Selfish: A gene that increases its own transmission but reduces the fitness of the individual that carries it.
Selfish DNA: Sequences that replicate faster than the rest of the genome and that reduce the fitness of the individual carrying them.
Self-replication: Used to describe a molecule or other structure that can cause its own replication.
Semelparity: A life history in which adults have but a single reproductive opportunity to produce large number of offspring; also know as big-ban reproduction.
Semen: The fluid that is ejaculated by the male during orgasm, contains sperm and secretions from several glands of the male reproductive tract.
Semicircular canals: A tree-part chamber of the inner ear that functions in maintaining equilibrium.

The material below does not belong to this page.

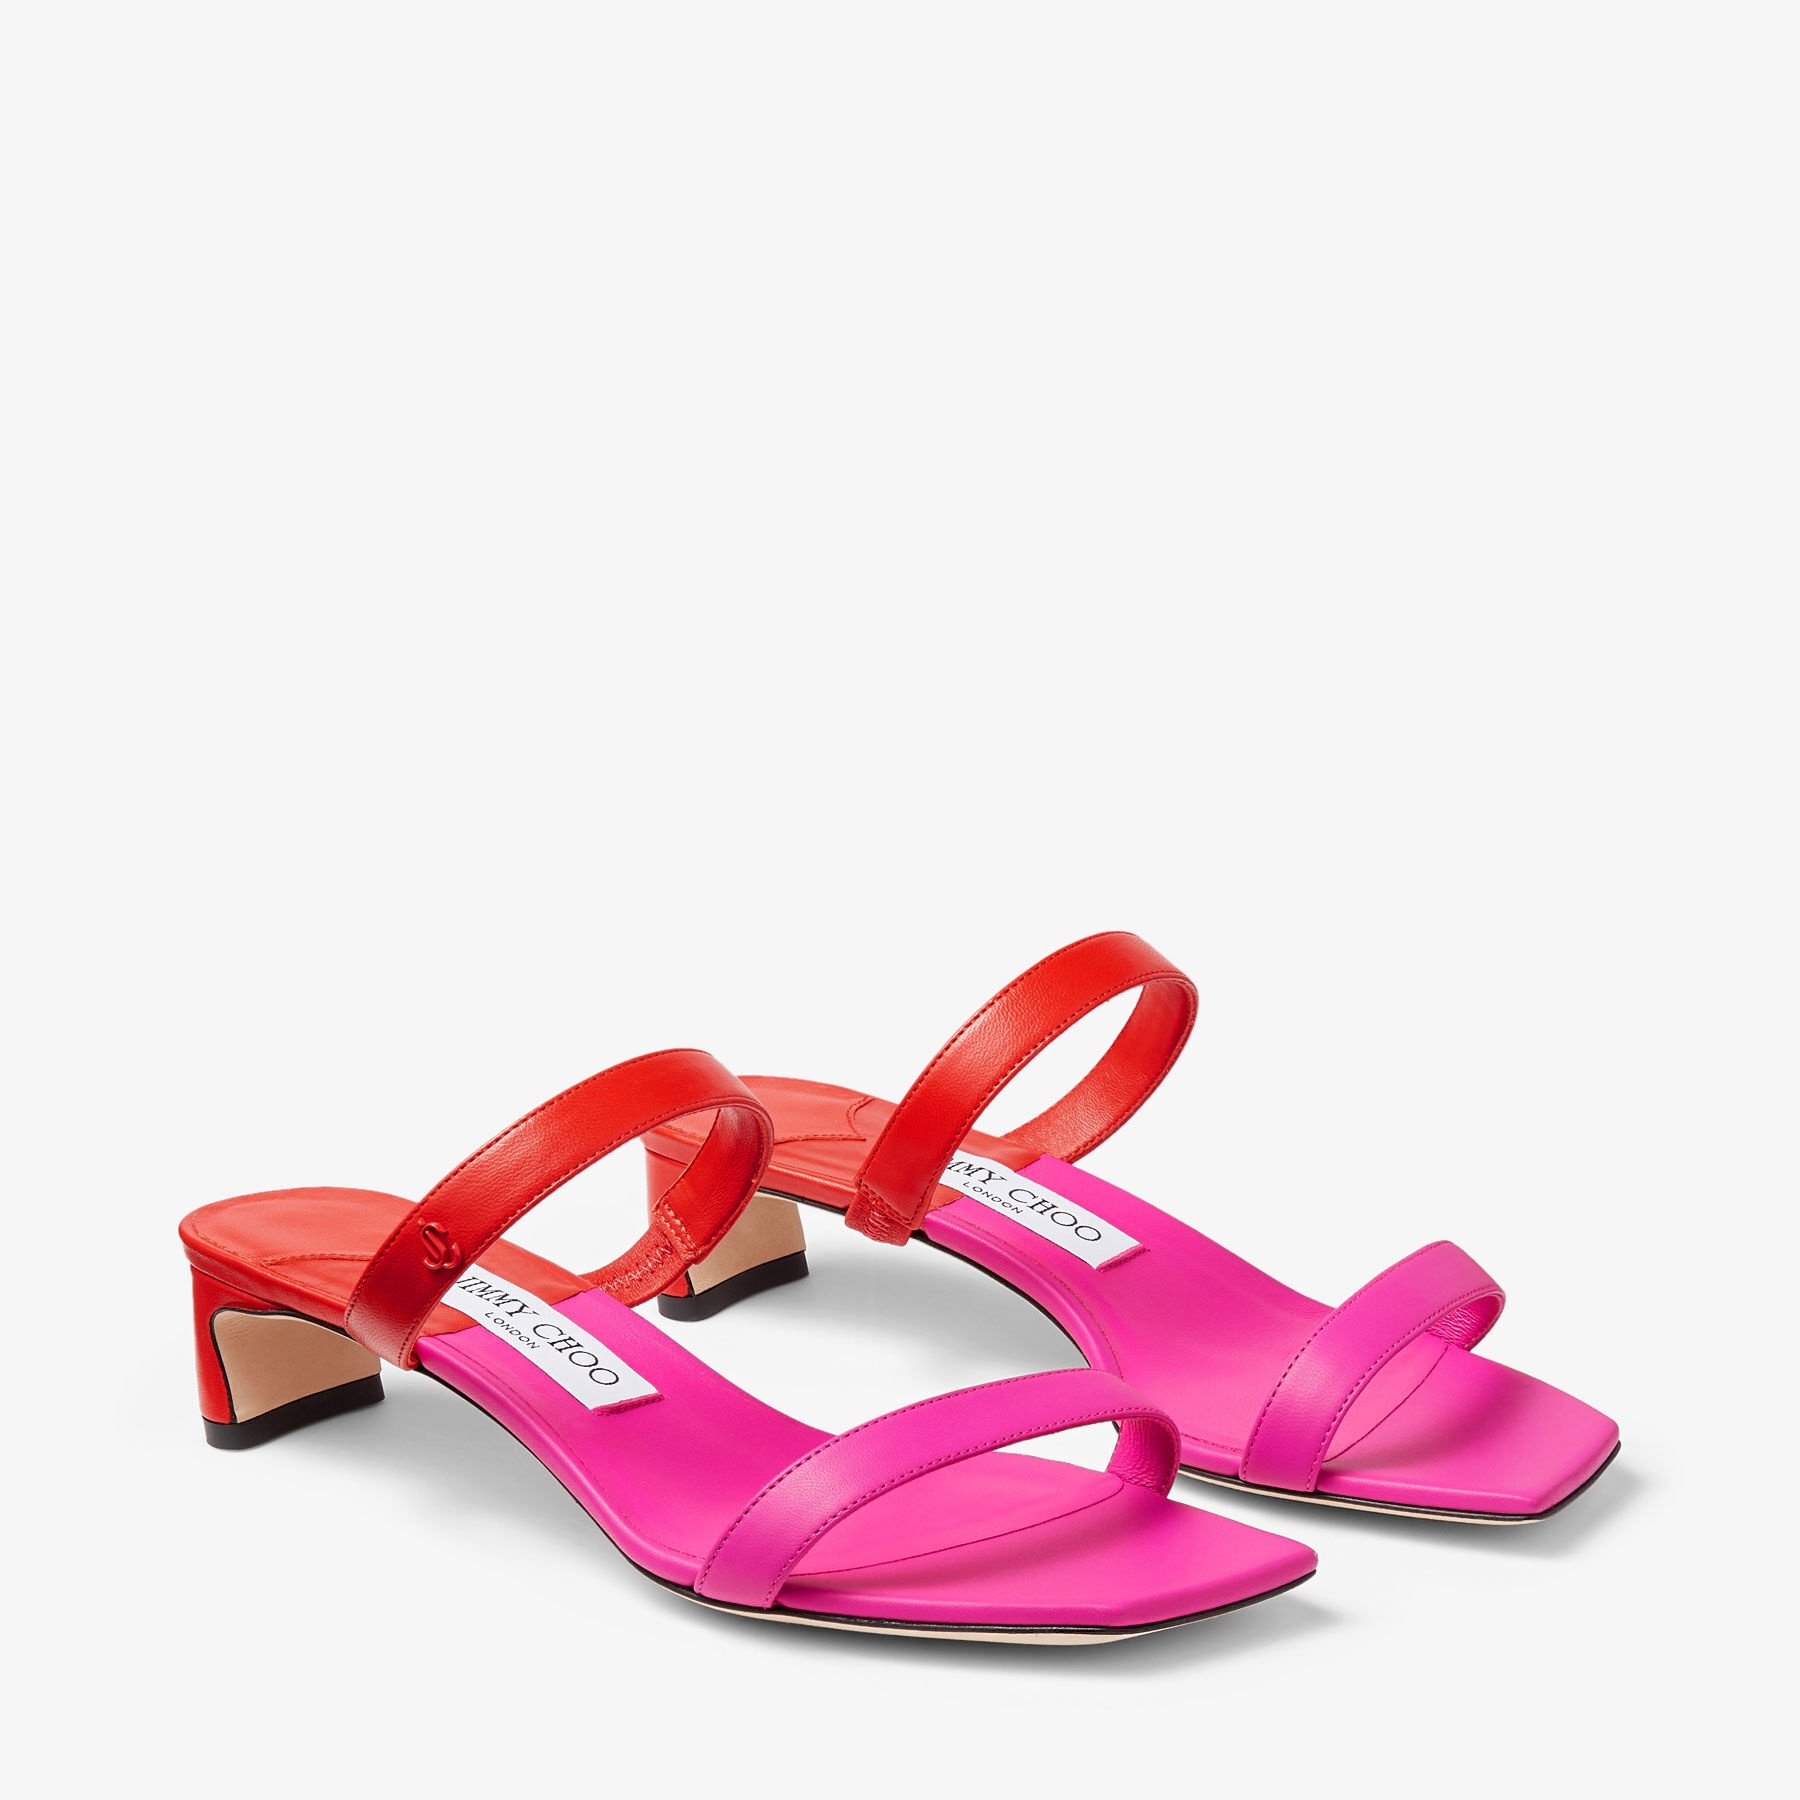 Kyda 35
Fuchsia and Pink Nappa Leather Sandals - 2

Semiconservative: Describes the replication of double-stranded DNA, where the two new molecules each carry one strand from their parent and a complementary strand that has been synthesized.
Semilunar valve: A valve located at the two exits of the heart, where the aorta leaves the left ventricle and pulmonary artery leaves the right ventricle.
Seminal vesicle: A gland in males that secretes a fluid component of semen that lubricates and nourish sperm.
Seminiferous tubule: A highly coiled tube in the testis in which sperm are produced.
Senescence: aging
Sensation: An impulse send to the brain from activated receptors and sensory neurons.
Sensitive period: A limited phase in an individual animal development when learning of a particular behavior can take place.
Sensory adaptation: The tendency of sensory neurons to become less sensitive when they are stimulated repeatedly.
Sensory bias: An innate preference for particular male traits, which did not evolve as a result of the sexual selection caused by that preference.
Sensory neuron: A nerve cell that receives information from the internal and external environments and transmits the signals to the central nervous system.
Sensory reception: The detection of the energy of a stimulus by sensory cells.
Sensory receptor: A cellular system that collects information about the physical world outside the body and inside the organism.
Sensory transduction: The conversion of stimulus energy to a change in the membrane potential of a sensory receptor.
Sepal: A modified leave in angiosperms that helps enclose and protect a flower bud before it opens.
Septum: One of the cross-walls that divides a fungal hypha into cells. Septa generally have pores large enough to allow ribosomes, mitochondria, and nuclei to flow from cell to cell.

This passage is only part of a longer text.